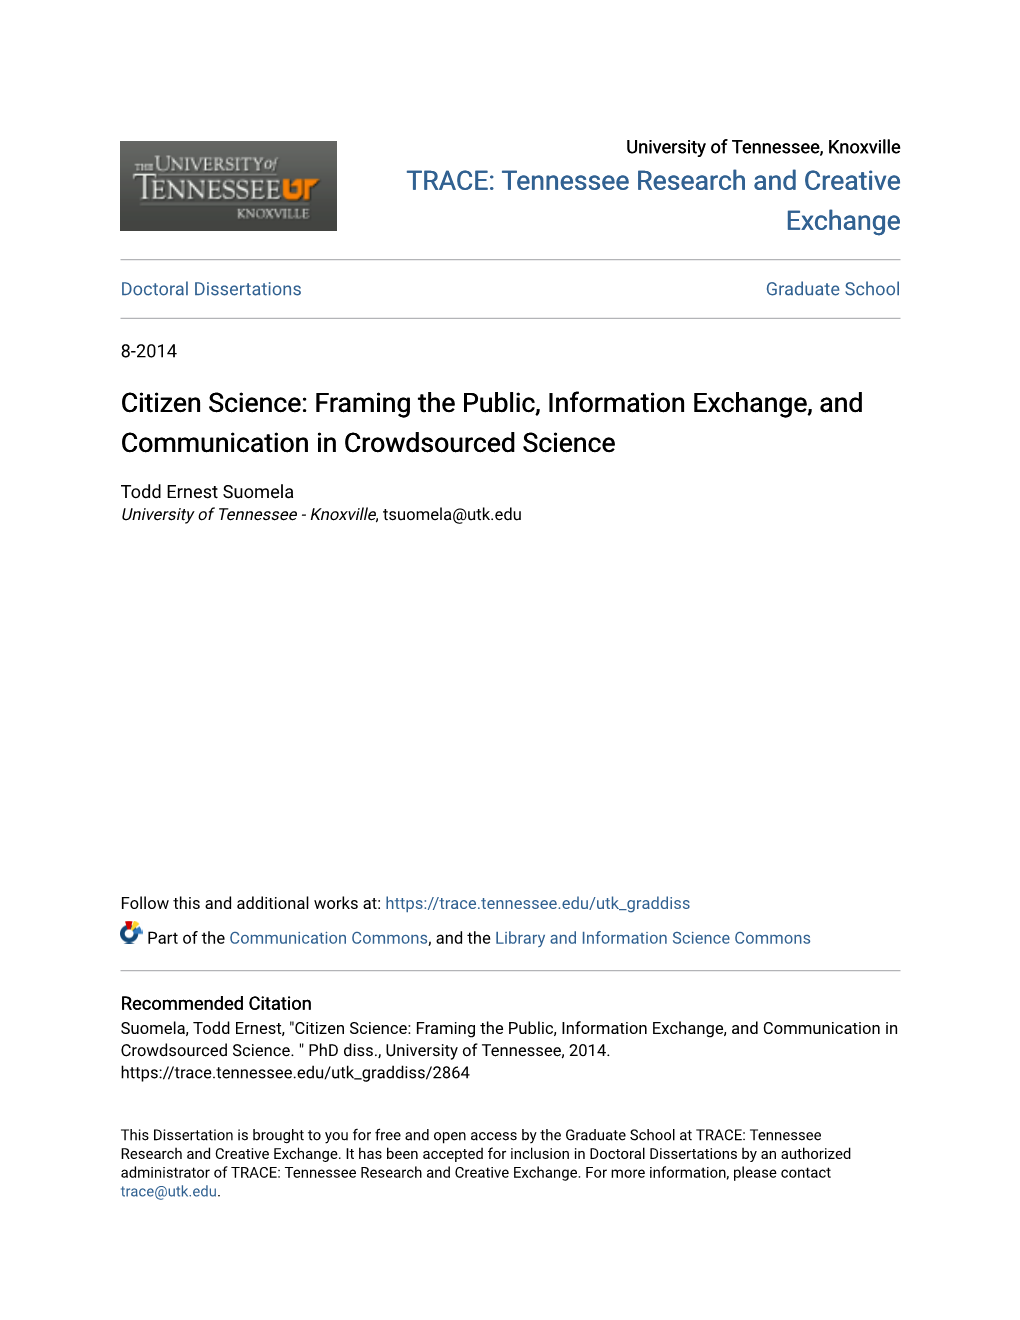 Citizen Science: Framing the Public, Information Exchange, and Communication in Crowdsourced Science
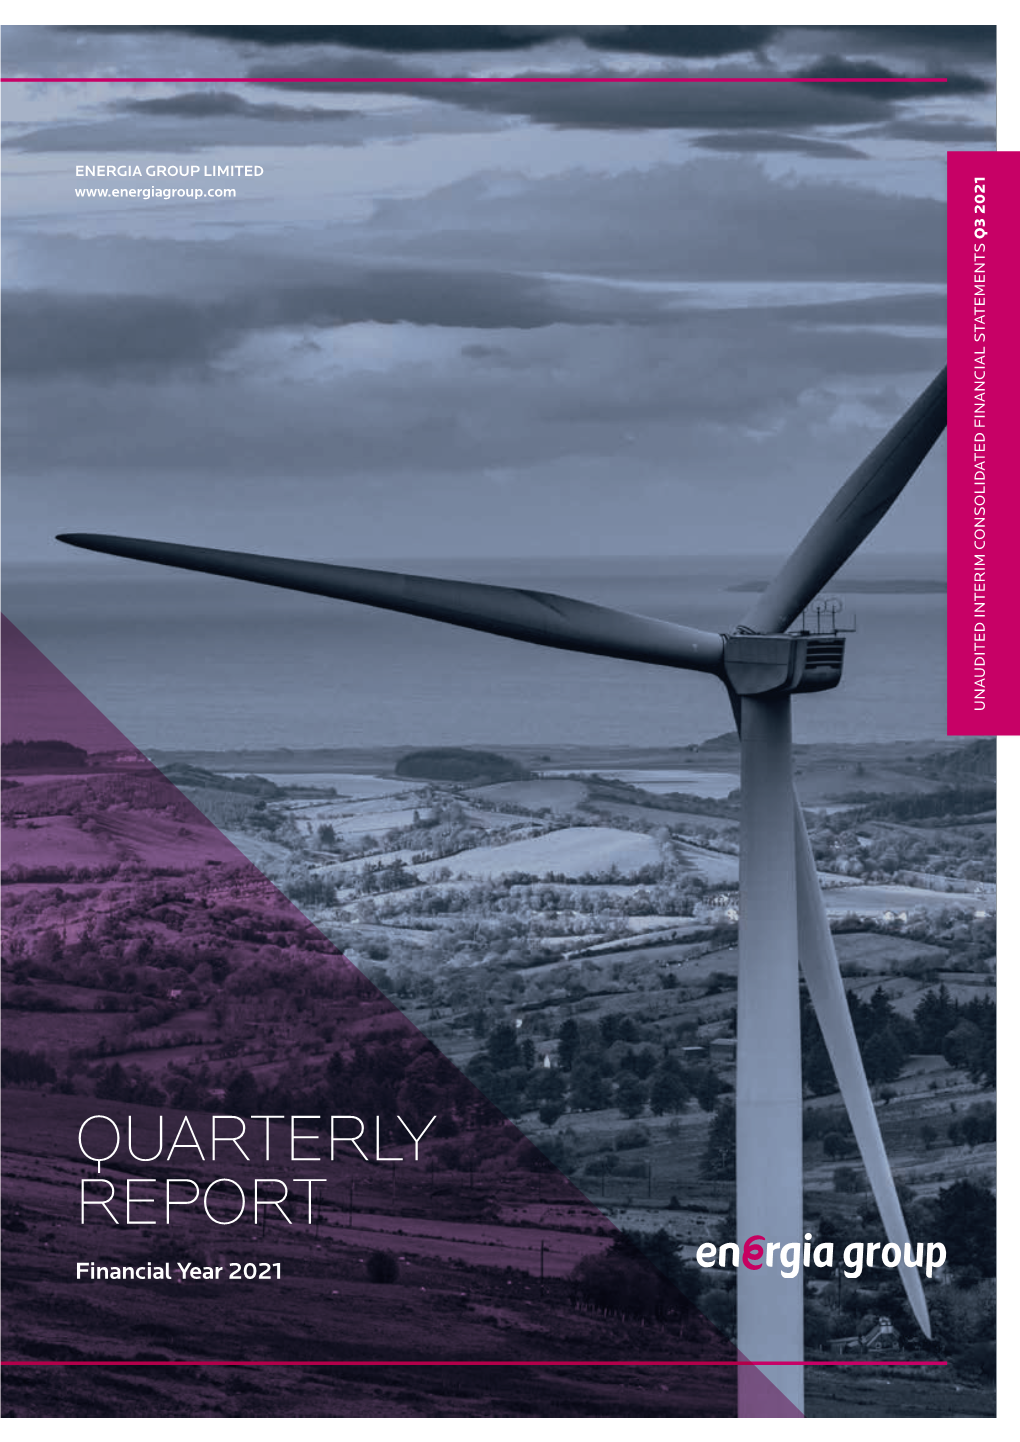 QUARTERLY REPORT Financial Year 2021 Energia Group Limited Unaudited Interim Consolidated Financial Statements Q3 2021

* * *

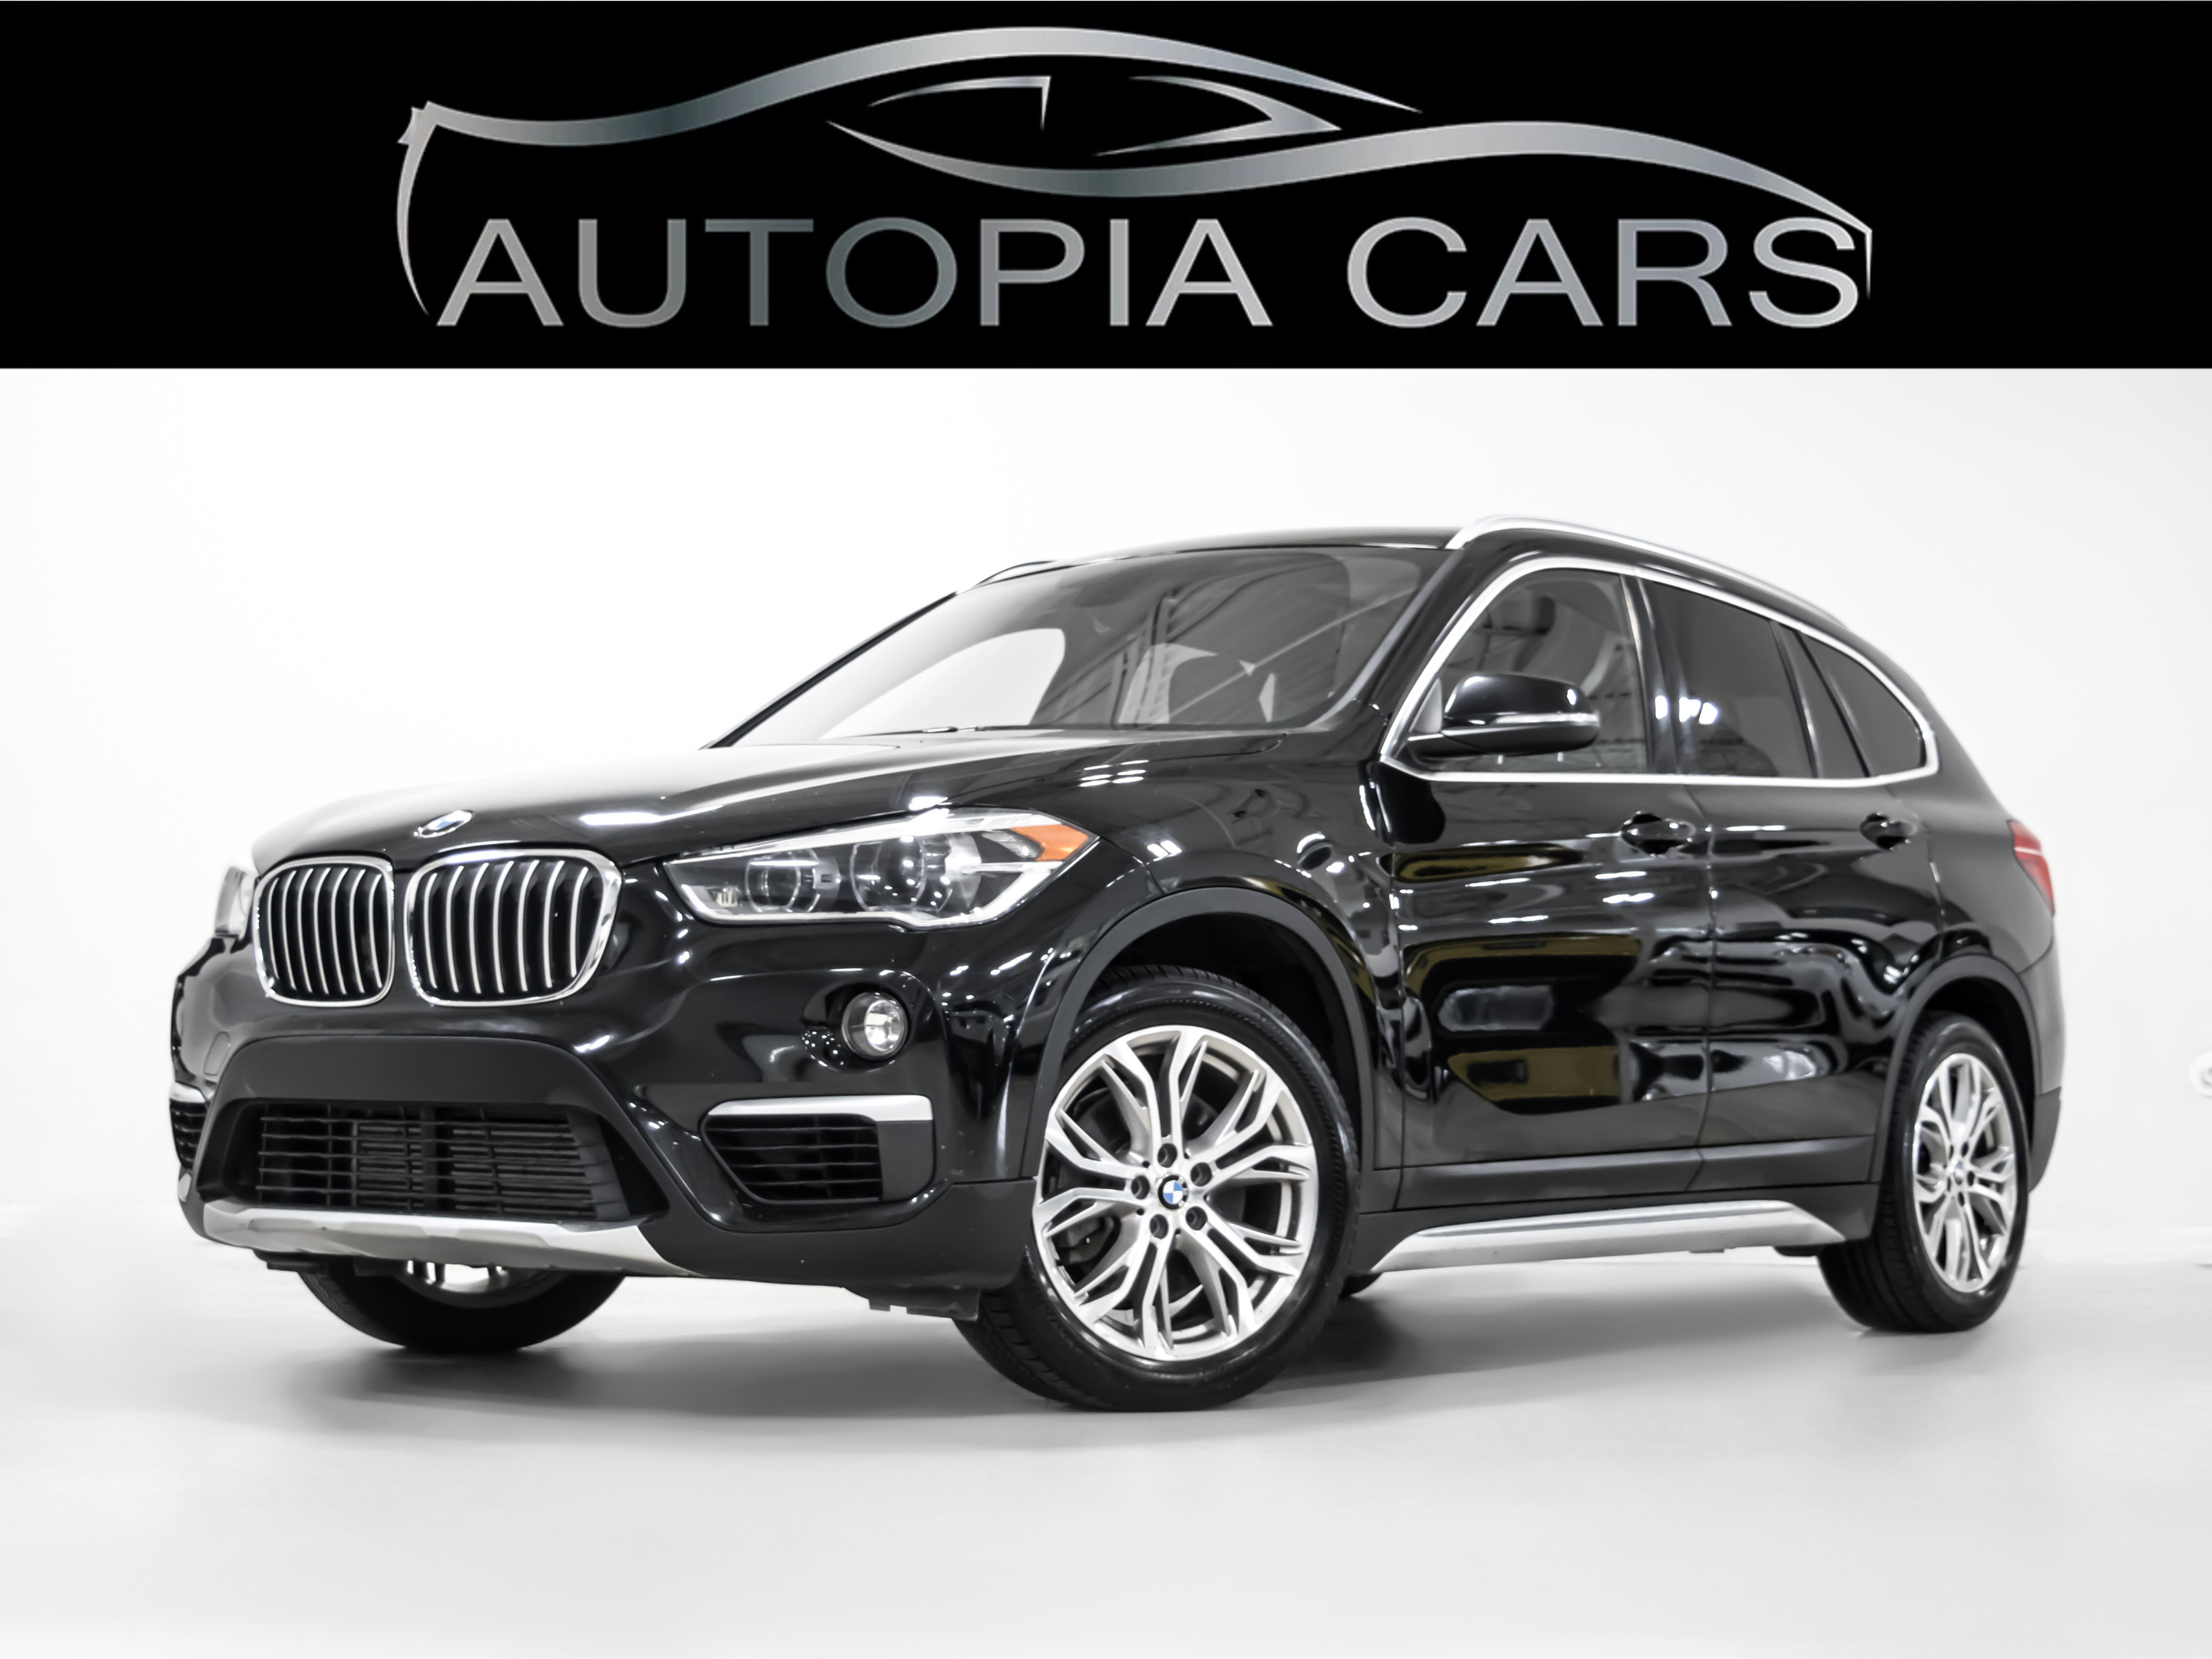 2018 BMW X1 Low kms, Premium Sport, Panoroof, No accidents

Requirement: In the listing above, find the line containing "Citizen Science: Framing" and the line containing "QUARTERLY REPORT Financial", then output those two lines and everything between them exactly as written, without the images.

Written answer:
 Citizen Science: Framing the Public, Information Exchange, and Communication in Crowdsourced Science
 QUARTERLY REPORT Financial Year 2021 Energia Group Limited Unaudited Interim Consolidated Financial Statements Q3 2021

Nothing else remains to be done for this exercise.